The Indian smiled. He understood and liked Peggy, as all other boys and men who were worth while did. She was so simple and straightforward and so without the least trace of coquetry.
“Yes, if Mrs. Burton and the rest of you really wish it, I will come when I can, although I have other more important work to do,” he answered proudly. Then smiling again, “Perhaps the last two syllables of my name will be less difficult.
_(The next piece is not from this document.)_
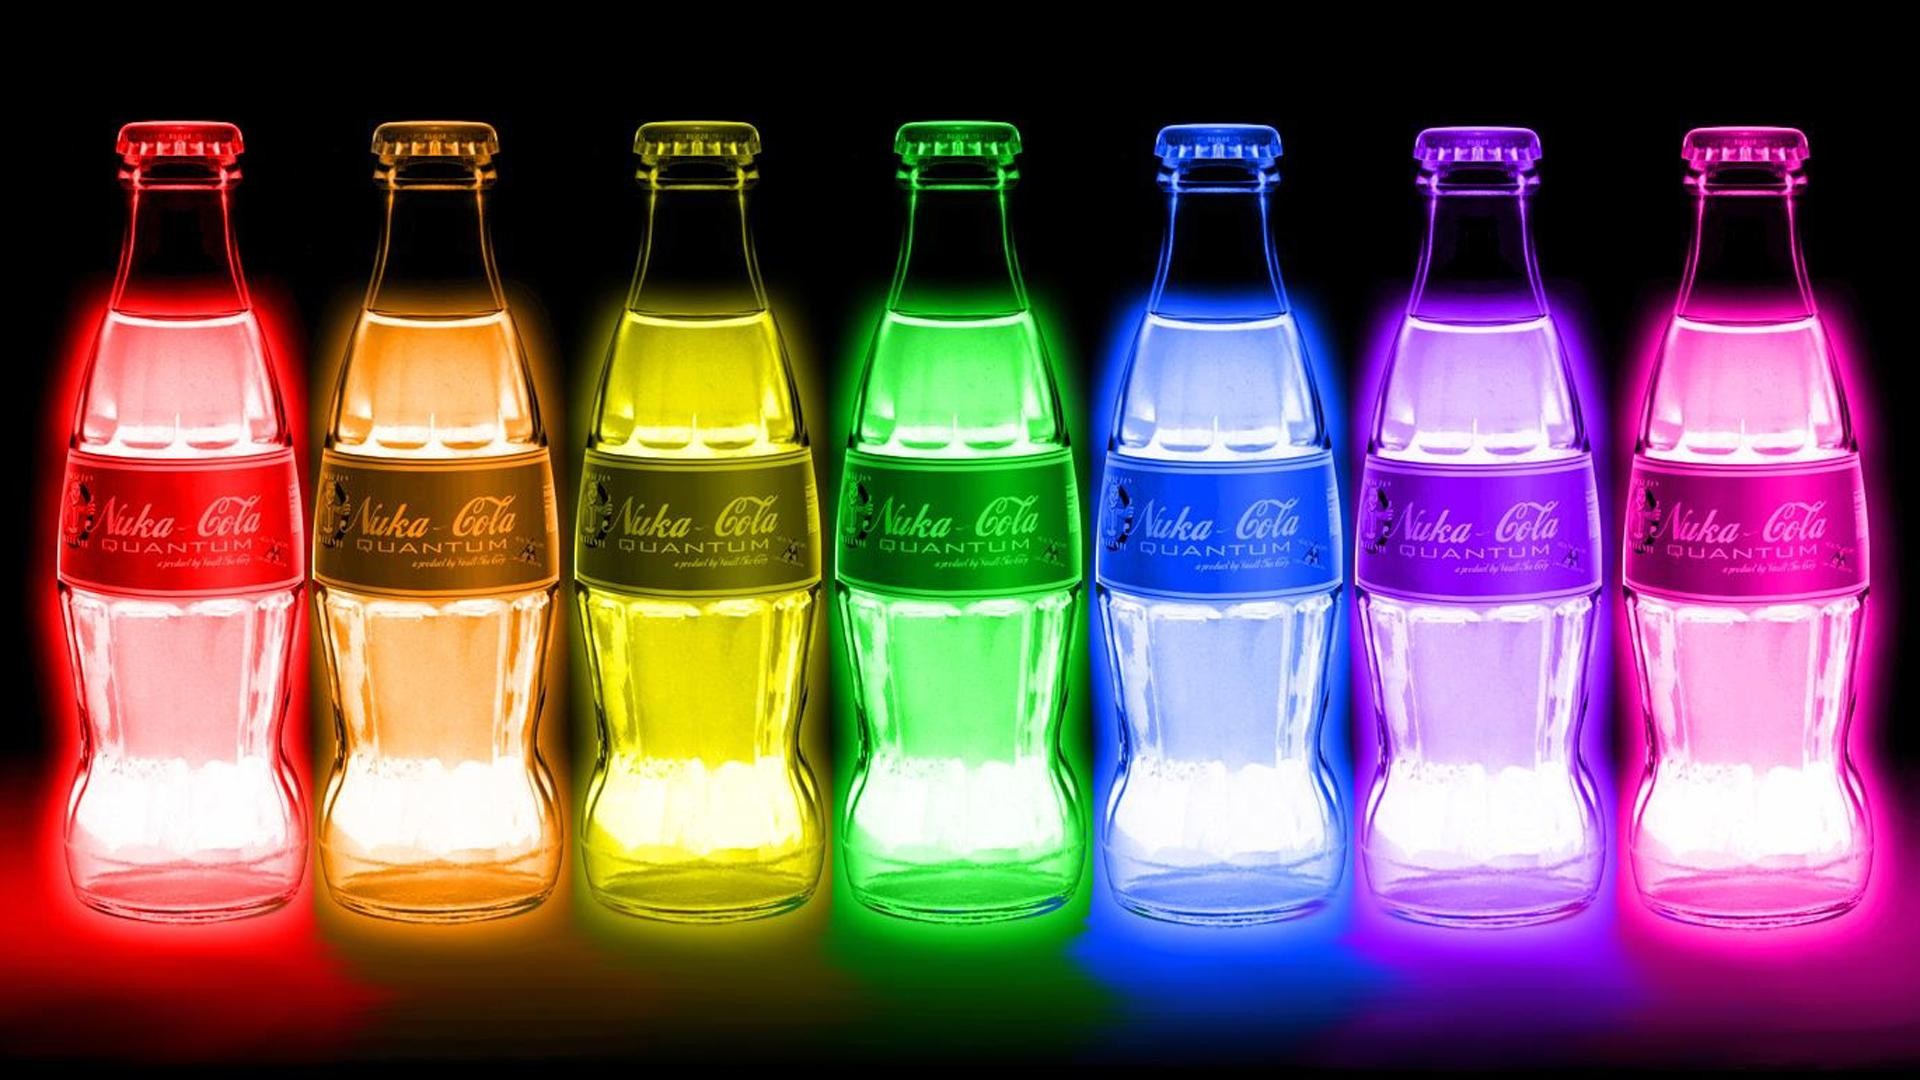 General 1920x1080 Fallout video games glowing spectrum colorful soda bottles Nuka-Cola PC gaming video game art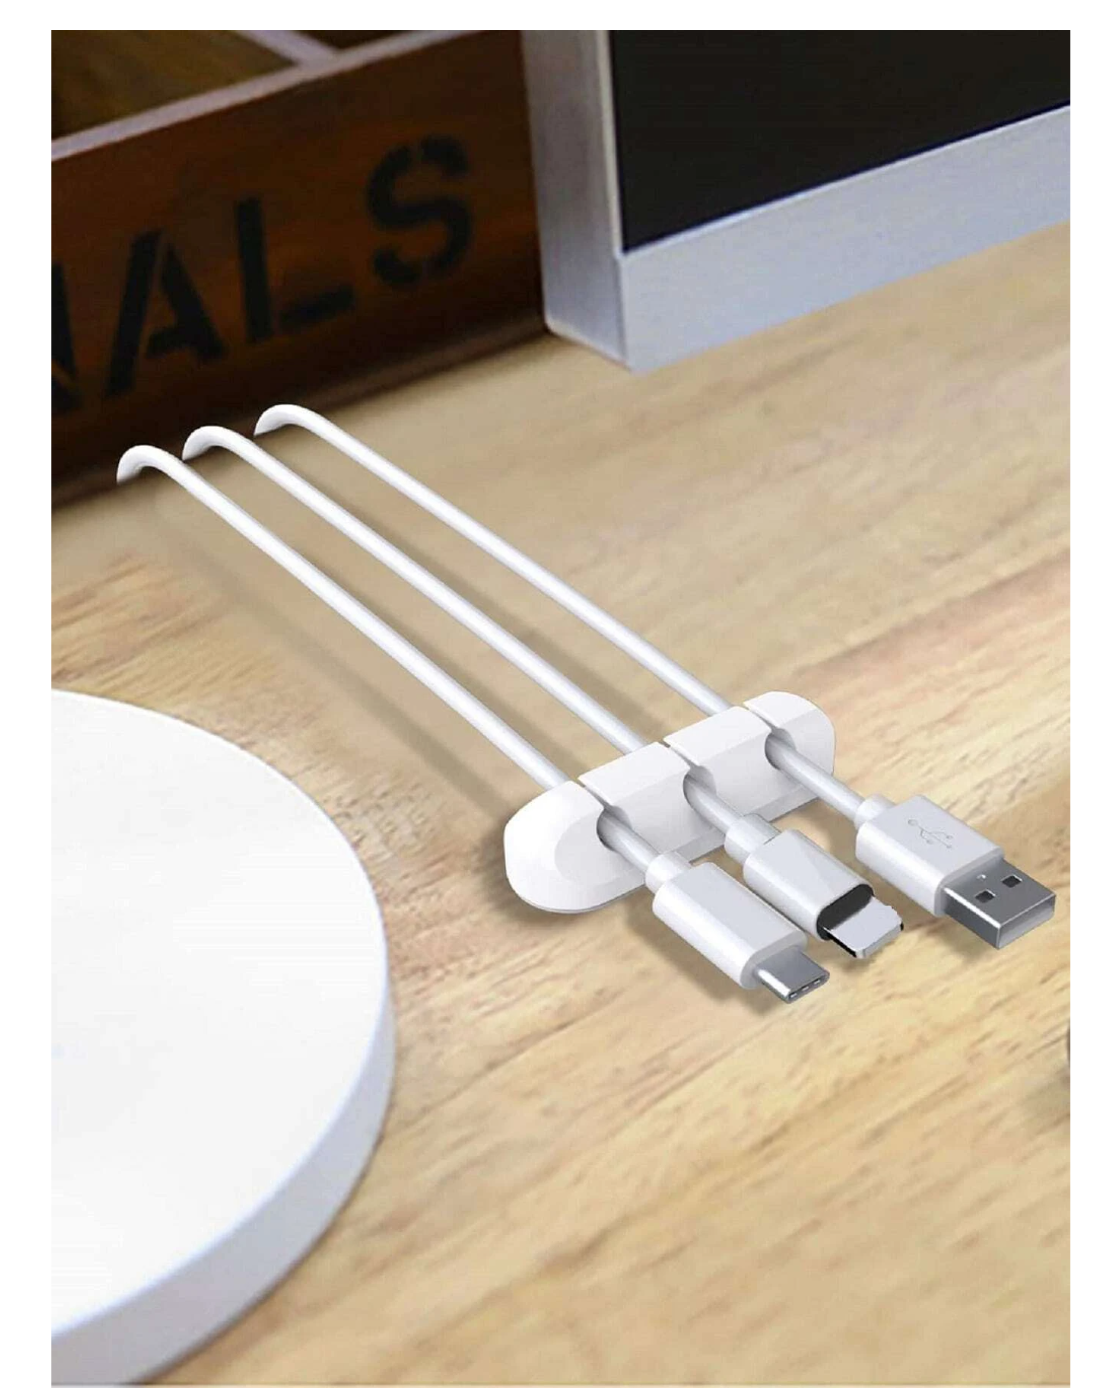 Clutter-Free Bliss: 2pcs White Cable Clip Cord – Your Ultimate Cable Management Solution for a Tidy Oasis in Car, Home, and Office!

Tewa alone means ‘Keeper of the Trail.’”
He was looking directly at Peggy and talking to her, not appearing to notice Bettina nor the Indian girl.
Nevertheless Bettina replied:
“I was lucky when you chanced to be the ‘Keeper of my Trail’ yesterday.” She was smiling, also, and yet she spoke seriously. “I wish I knew how to thank you.”
A moment afterwards the entire party was entering the Painted Desert.
It was as if they had come into a country where, long centuries ago, Titanic artists and alchemists had poured out their paints and jewels.
The mounds of earth with plateau-like surfaces called mesas were red, blue, green or orange and took strange, fantastic shapes.
Fallen between the mesa were petrified trees which had split open and were filled with precious stones. Now and then a petrified tree appeared embedded in the sandstone of the mesa showing along its side.
No one of the party realized how many miles were walked that day. Nevertheless, after a time, Bettina naturally grew weary. Yet she did not wish to mention her fatigue, realizing that she had simply not entirely recovered from her experience of thirty-six hours before.